Meet "The Firefoxes"
Yesterday Mike Connor came to speak to my class on open source and Mozilla development. Not to be outdone by that other Mike, he brought “Lucy” and their son Gryphon. Who says Mozilla isn’t fun for the whole family? Mike did a great job of illuminating the life-cycle of a bug. He went through the process in great detail, moving through bug reporting and triage, showed students how to “take” a bug, demonstrated how patches and patch review work, etc. It was a fantastic inside look at something Mike does automatically without thinking.
A couple of moments stood out for me. First, Mike took a few minutes to scroll through his reviewer-mail (yes, it took that long). I don’t think my students always understand why their email to these guys goes unanswered for so long—there’s a lot of bugmail to sift through. Mike also spent some time doing a review in the class. It was for a bug in C++, and the fix involved removing 10 lines and adding 2. Mike told the class that 90% of the reviews he does are 25 lines of code or less.

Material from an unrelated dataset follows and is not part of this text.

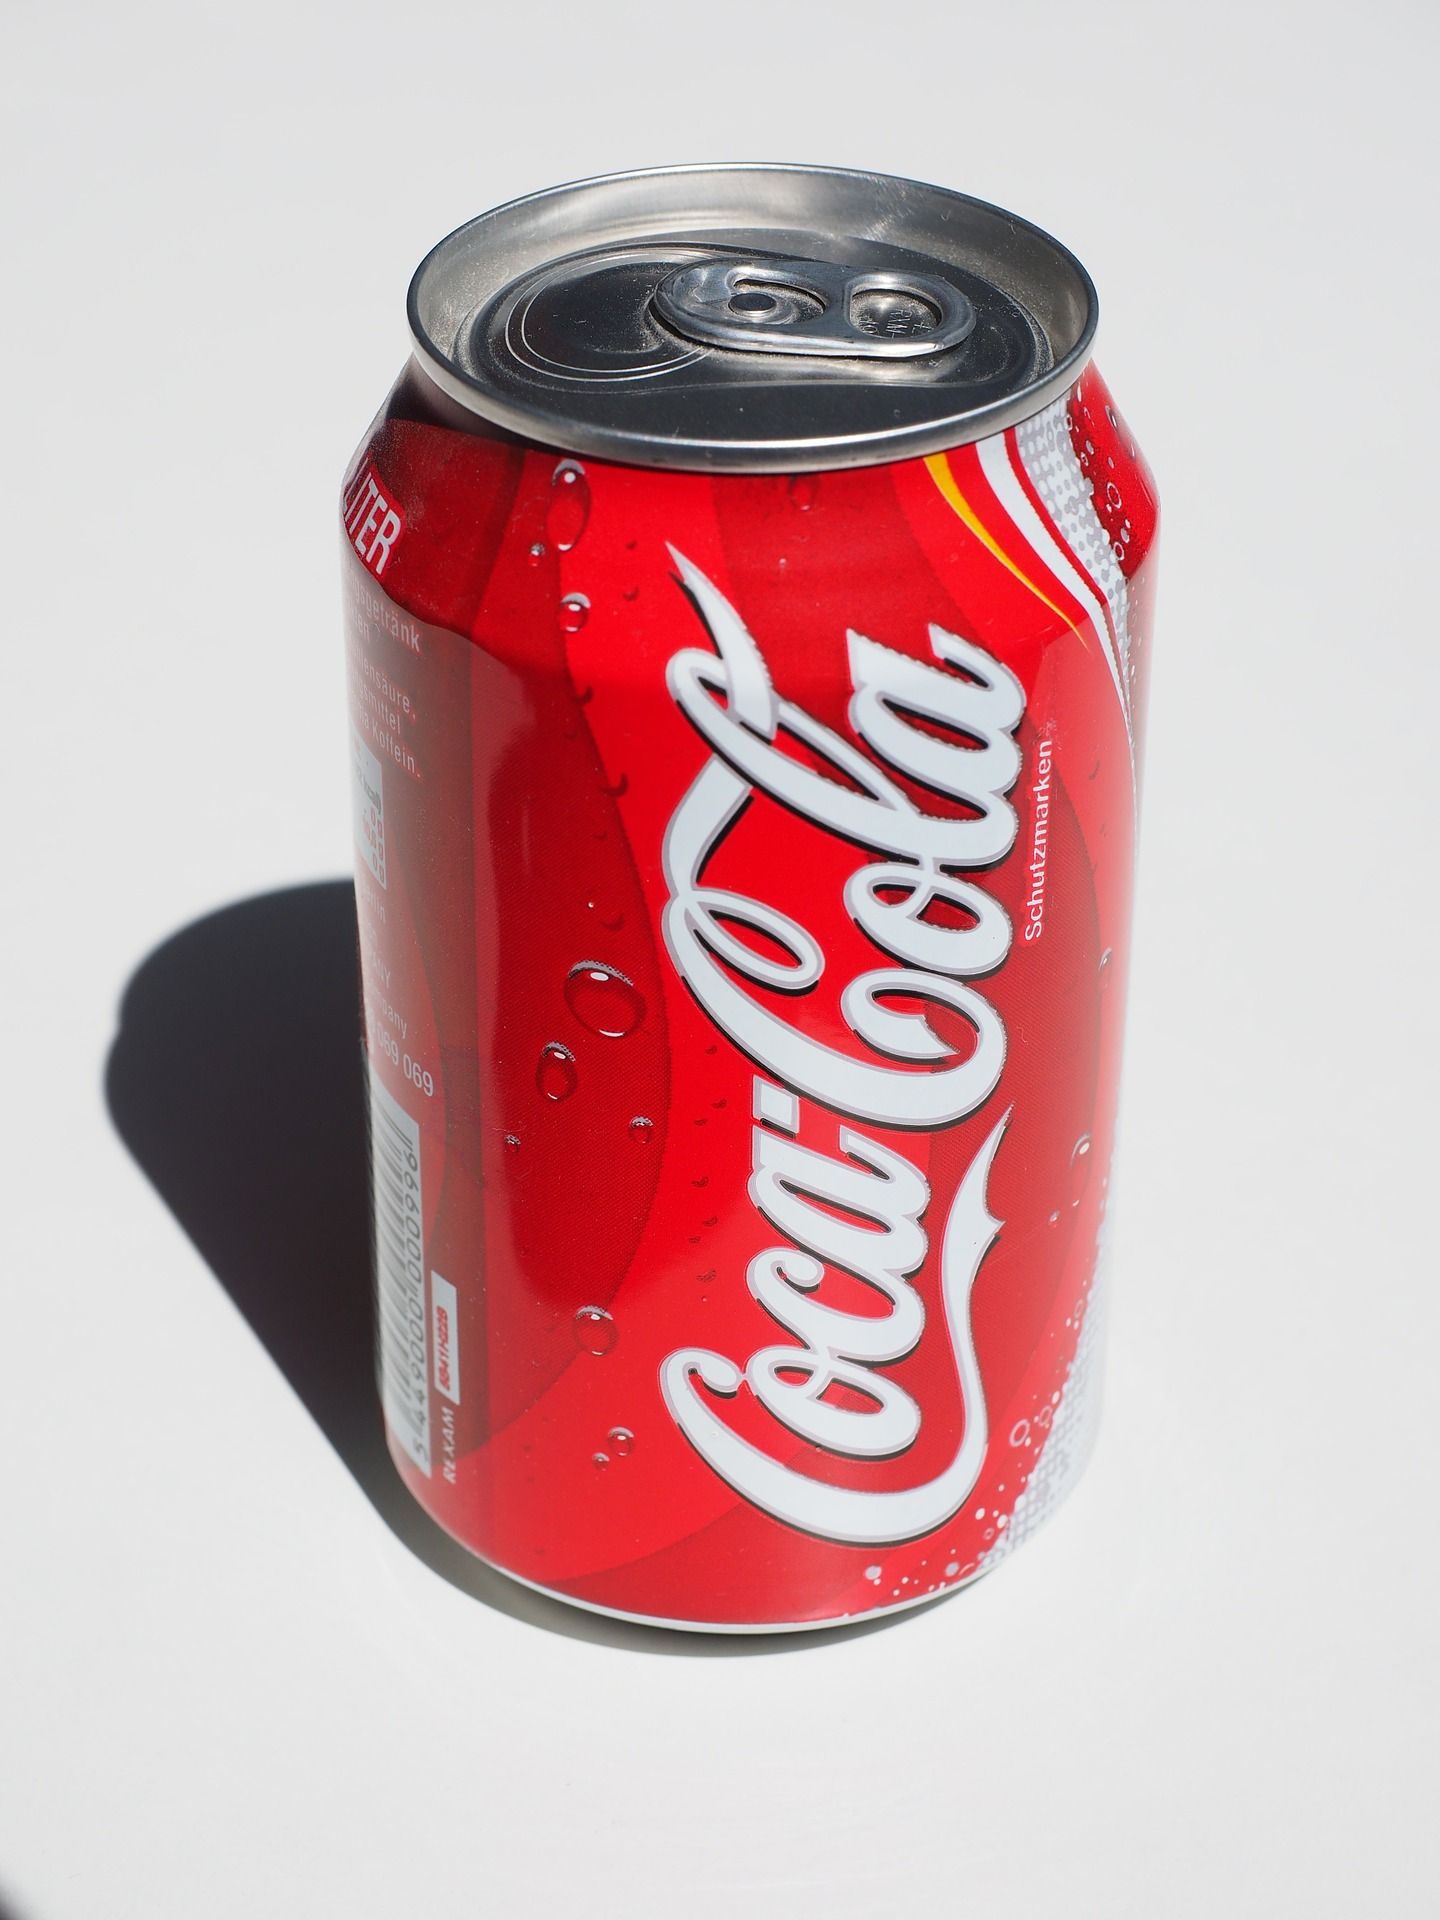 Can of Coca-Cola

Mike also spent some time discussing how bugs get nominated and how and who decides when to mark one as WONTFIX. This got us into a discussion of the recent Debian/Firefox situation, and it was interesting to get Mike’s perspective and insights.

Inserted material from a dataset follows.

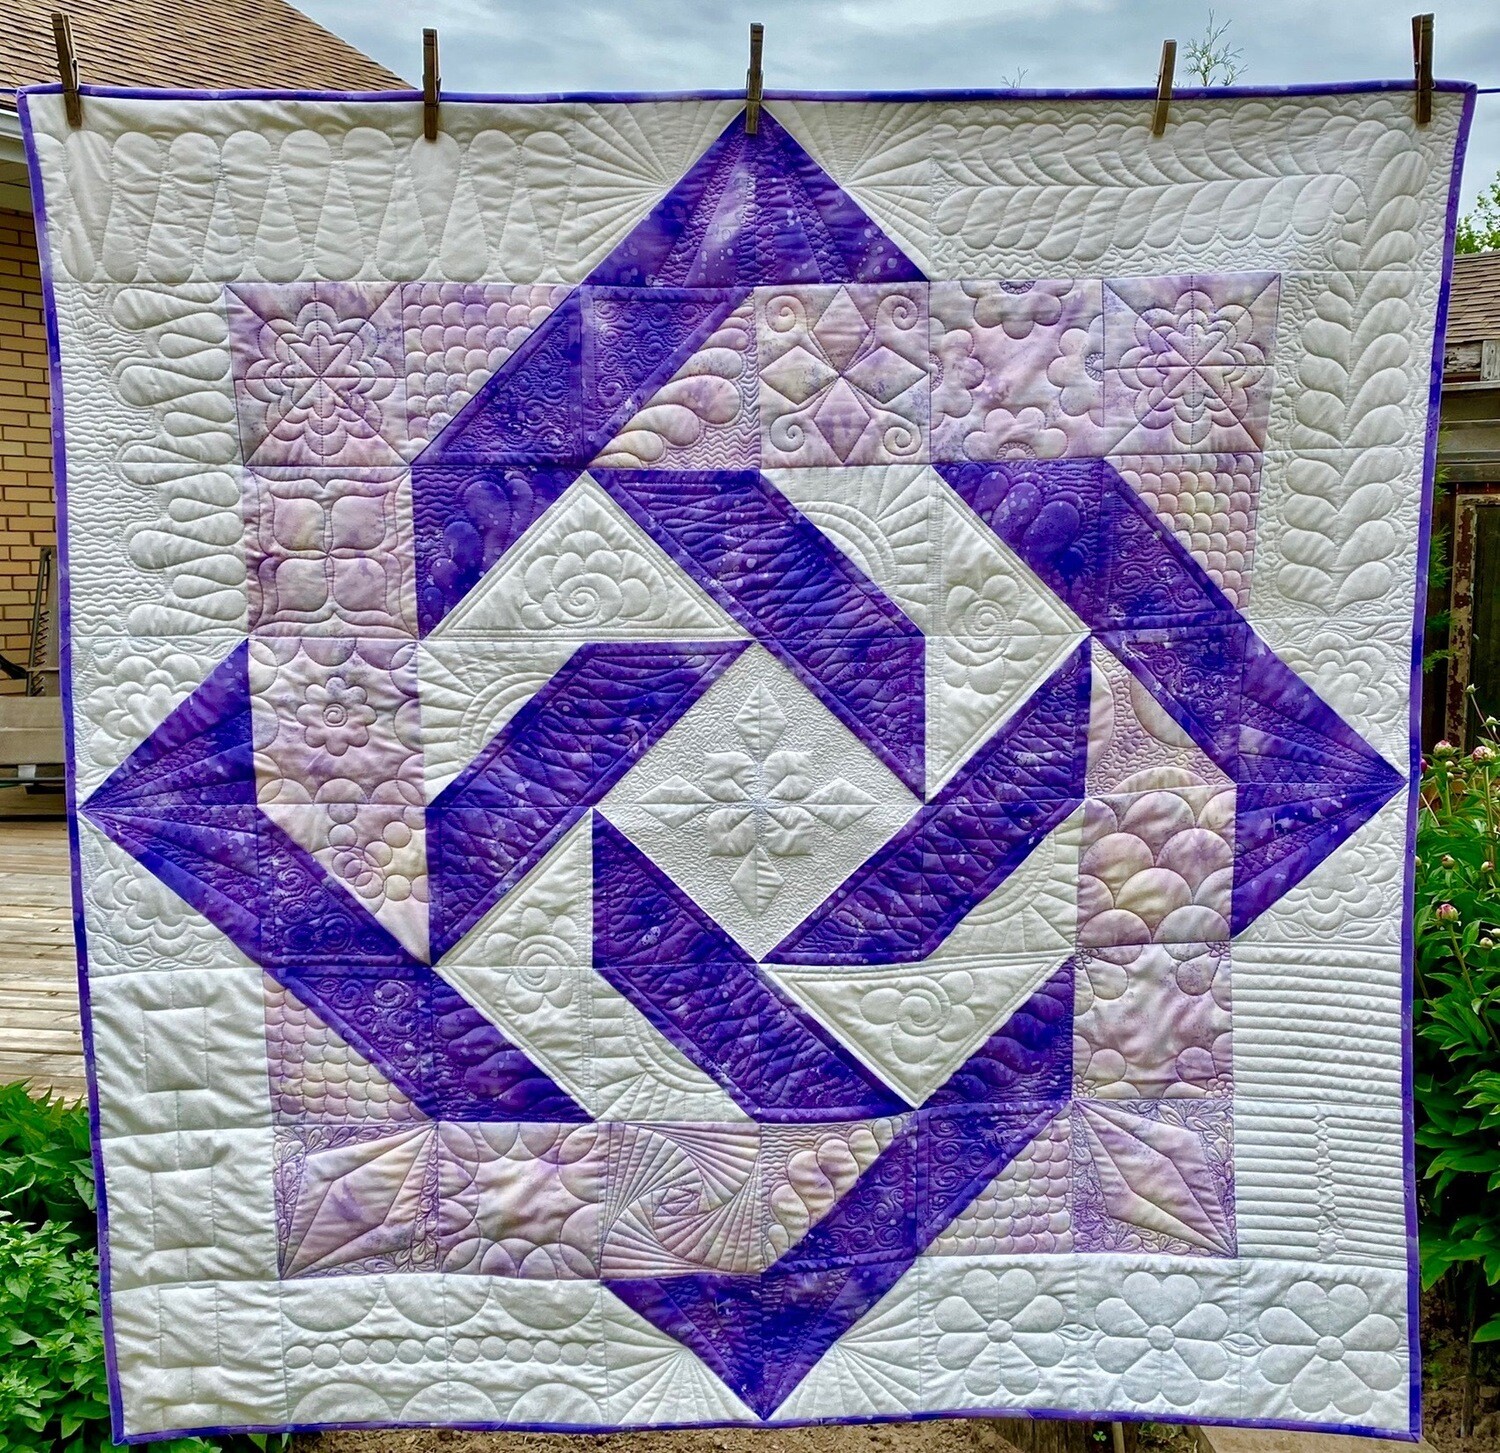 ​INTERLOCKED- RULER QUILTING WITH LONG ARM MACHINES
Monday November 13th, 10:30 am - 4:30 pm
$100.00 +HST

We did have one bizarre glitch though. For all the lectures we’ve been using Snap Z Pro X to do screencasts of the demos given during the class. The trial version works quite well...usually. So far all the other speakers have had no trouble getting it rendered down; however, at the end of the rendering process for Mike, he had 400+M of file, and 1 second of video when you play it! Mike, you should file a bug on that :) Hopefully he’ll figure out what his Mac has done so I can share it with you.
The only thing he didn’t have time for was a question I've got from some students about how to fix bug 95849. Maybe I’ll put it on the exam instead.